Not on display
- Artist
- Bruce Onobrakpeya born 1932
- Medium
- Resin, wood, metal and paint
- Dimensions
- Displayed: 1200 × 2515 × 25 mm
- Collection
- Tate
- Acquisition
- Purchased with funds provided by the Africa Acquisitions Committee 2019
- Reference
- T15204
Summary
This wall-mounted, wooden-framed triptych by the Nigerian artist Bruce Onobrakpeya consists of three bas-relief carved plaster panels. The work is hinged along the outer vertical edges of the central panel. The outer left and right panels, as well as the upper and lower margins of the centrepiece, depict the biblical subject of the Via Crucis, also known as the Stations of the Cross. In fourteen discrete scenes related to the Crucifixion, Jesus Christ is shown from the moment he is condemned to death by Pontius Pilate through to his entombment. These fourteen scenes surround a larger scene, set in the middle of the triptych, that depicts the last meal Christ took with his disciples, commonly known as the Last Supper. Onobrakpeya has amplified the one-point perspective made famous by Leonardo da Vinci’s (1452–1519) Renaissance composition of 1498 (The Last Supper, Santa Maria delle Grazie, Milan), by orientating the table outward rather than lengthwise. The gathering converges on Christ as the focal point at the head of the table, with the opposite end – where the viewer stands – left vacant. The last meal that Jesus Christ shared with his disciples is recorded in the books of Matthew, Mark, Luke and John, known as the four canonical Gospels of the Bible.
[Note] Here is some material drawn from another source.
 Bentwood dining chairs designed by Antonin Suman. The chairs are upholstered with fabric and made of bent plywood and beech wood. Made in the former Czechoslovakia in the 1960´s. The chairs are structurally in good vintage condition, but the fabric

Onobrakpeya’s version of The Last Supper was awarded the Lali Katat silver medal at the 5th Indian Triennale in New Delhi in 1982. Inspired by the designs Onobrakpeya had created in 1967 for his murals in St. Paul’s Church, Ebute Metta in Lagos, the fourteen scenes that surround the supper are based on a series of linocuts that the artist made in 1969 after his original paintings. A set of these linocuts are also in Tate’s collection (The Fourteen Stations of the Cross 1969, Tate P82221–P82234). Typical of Onobrakpeya’s working practice, he has revisited this theme in several series of work, including a series of Last Supper plaster prints or ‘plastocasts’ in an edition of four. Two copies from this edition are with the artist in Niger Delta. One is in the Royal Collection of Morocco’s King Mohammed VI in Rabat; another is in regular liturgical use in a church in Lagos, Nigeria.
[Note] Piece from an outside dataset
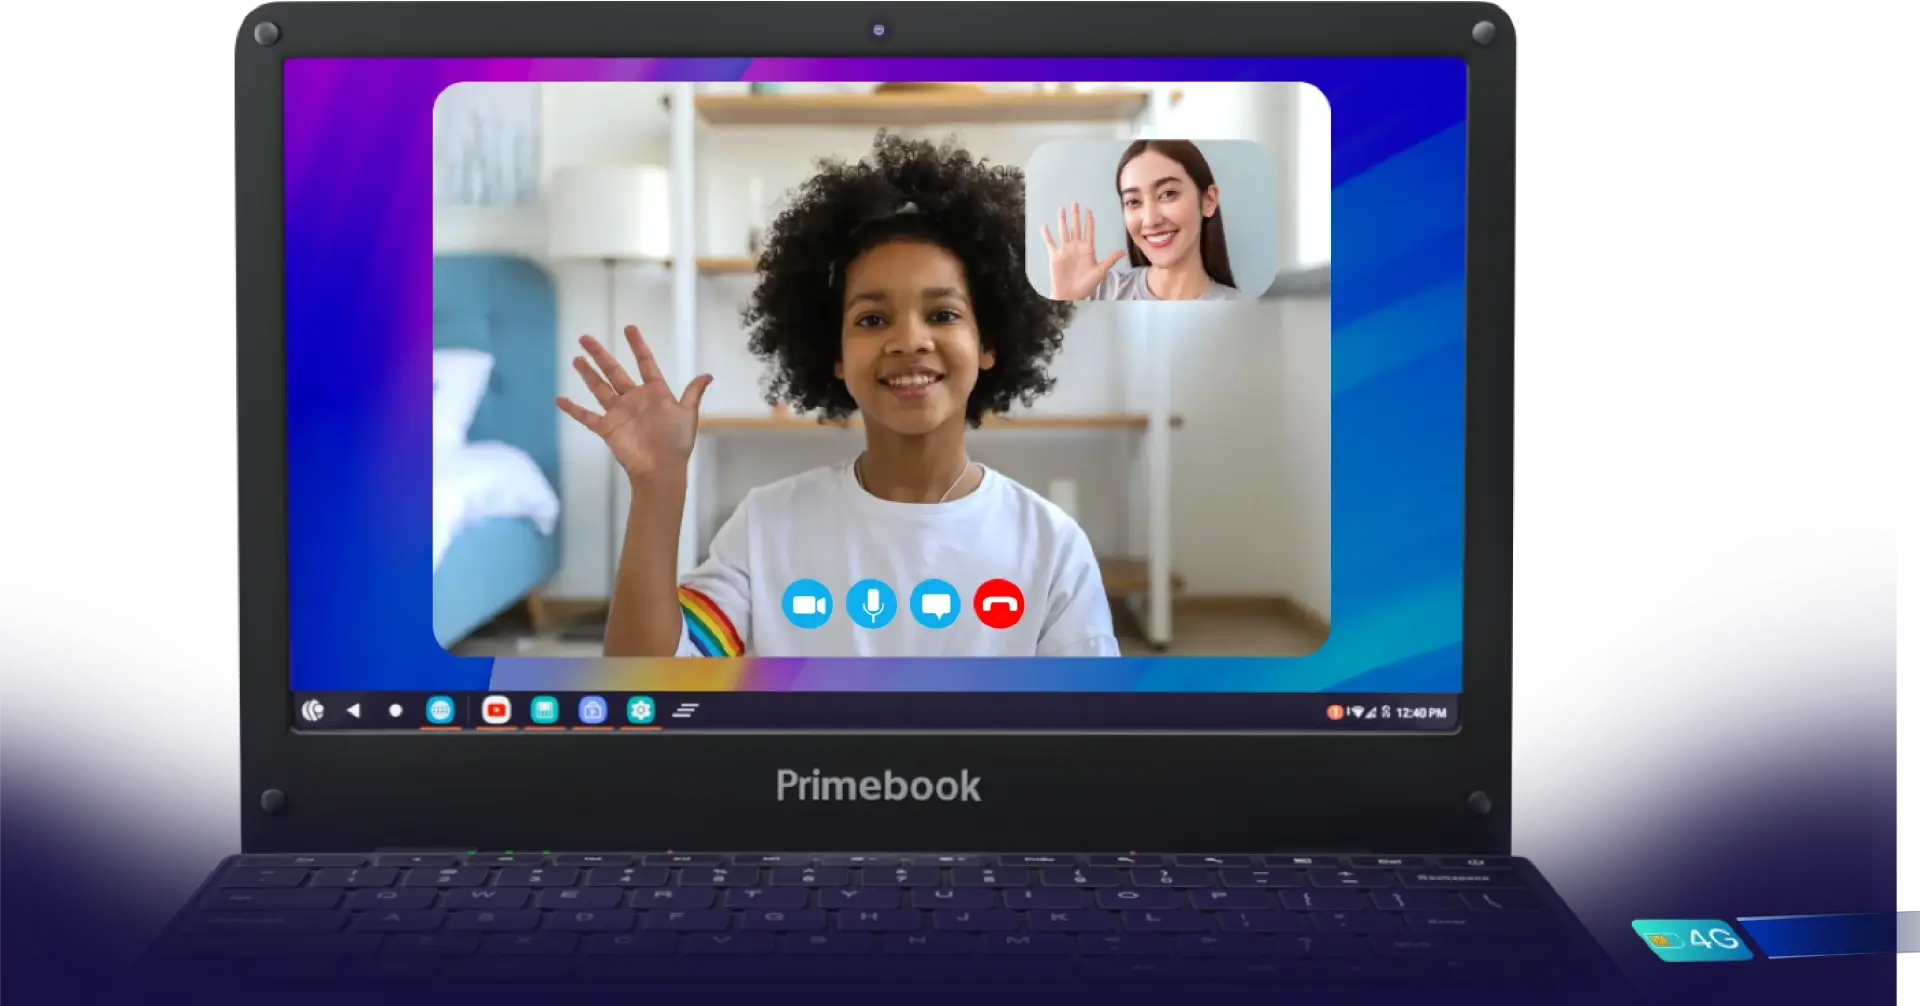 Primebook laptops with video calling feature

Nigeria’s foremost printmaker, Onobrakpeya is celebrated for his deep etchings as well as his plastocasts, of which The Last Supper is an example. His distinctive plastocast technique lies at the intersection of sculpture and printmaking and he has said of his practice:
I took advantage of the dynamics of printmaking and experimentation to manipulate the same motif or idea to produce different design effects. Tiny line engravings have been developed and transformed into low relief sculptures called plastocasts, in some cases, enlarged into bigger reliefs or paintings. In reverse, pieces which were finished as large pictures or prints have been re-examined in miniature gravures. This process of transformation, or if you like, a migration of a design from one artistic medium, size or combination, to another, is what I describe as ‘Nomadic’.
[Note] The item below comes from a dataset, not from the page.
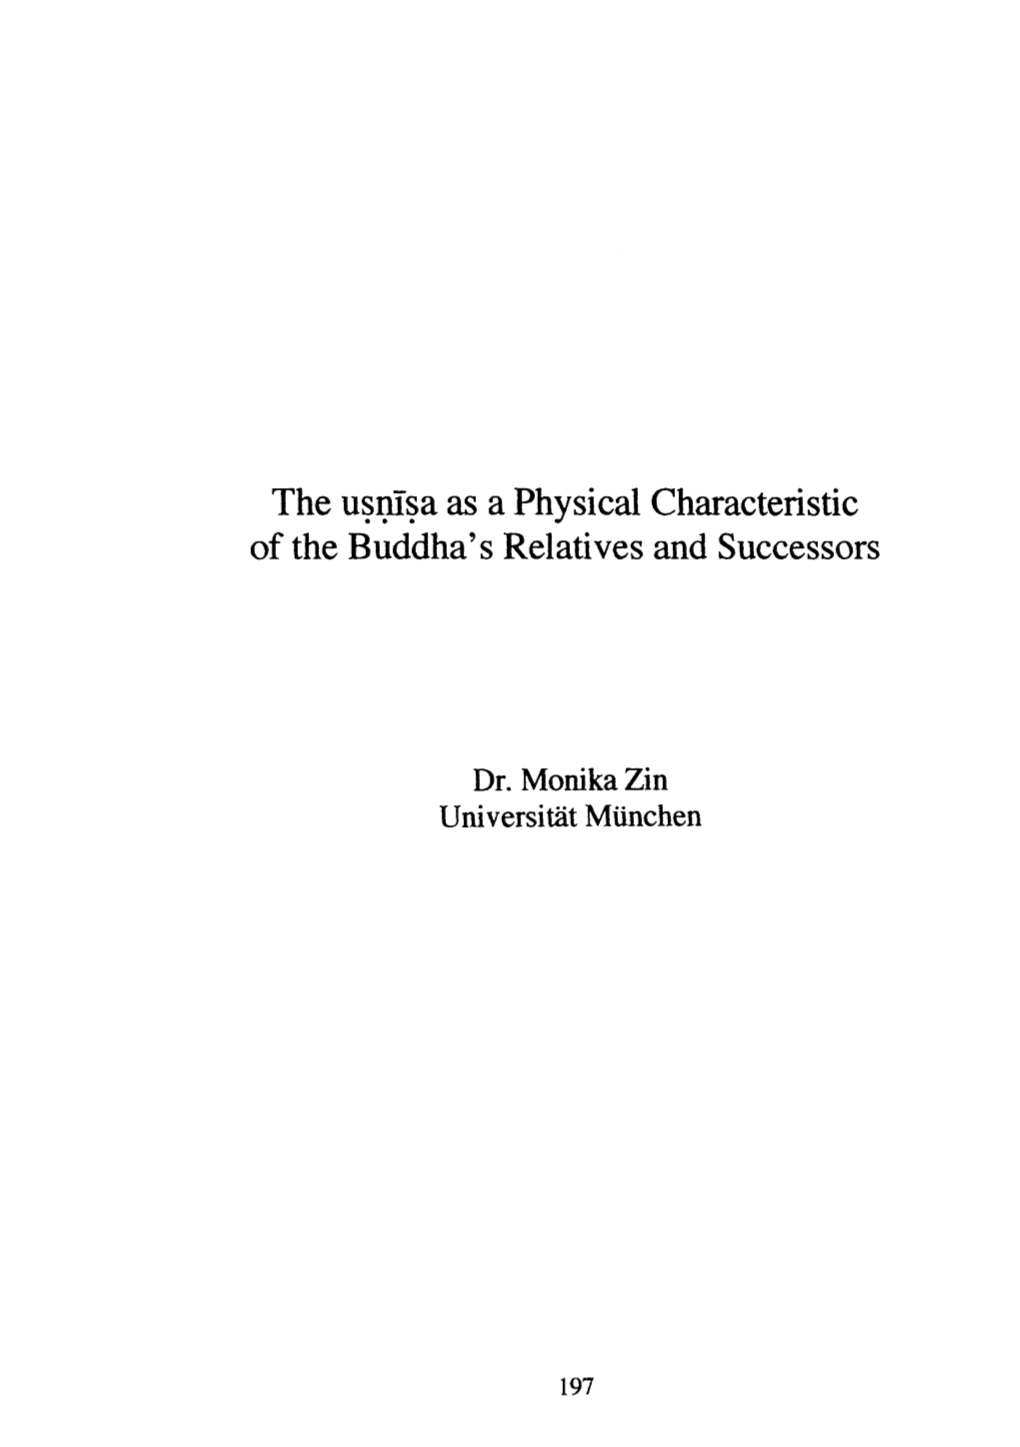 The Usnisa As a Physical Characteristic of the Buddha's Relatives and Successors

(Quoted in Temple Muse 2013, p.7.)
Further reading
Holland Cotter, ‘Bruce Onobrakpeya: Jewels of Nomadic Images’, in The New York Times, 16 November 2012.
Sandra Obiago, Bruce Onobrakpeya: Exhibition of Recent Prints, Paintings and Low-Relief Sculptures, exhibition catalogue, Temple Muse, Lagos 2013.
Dele Jegede (ed.), Onobrakpeya: Masks of Flaming Arrows, Milan 2014.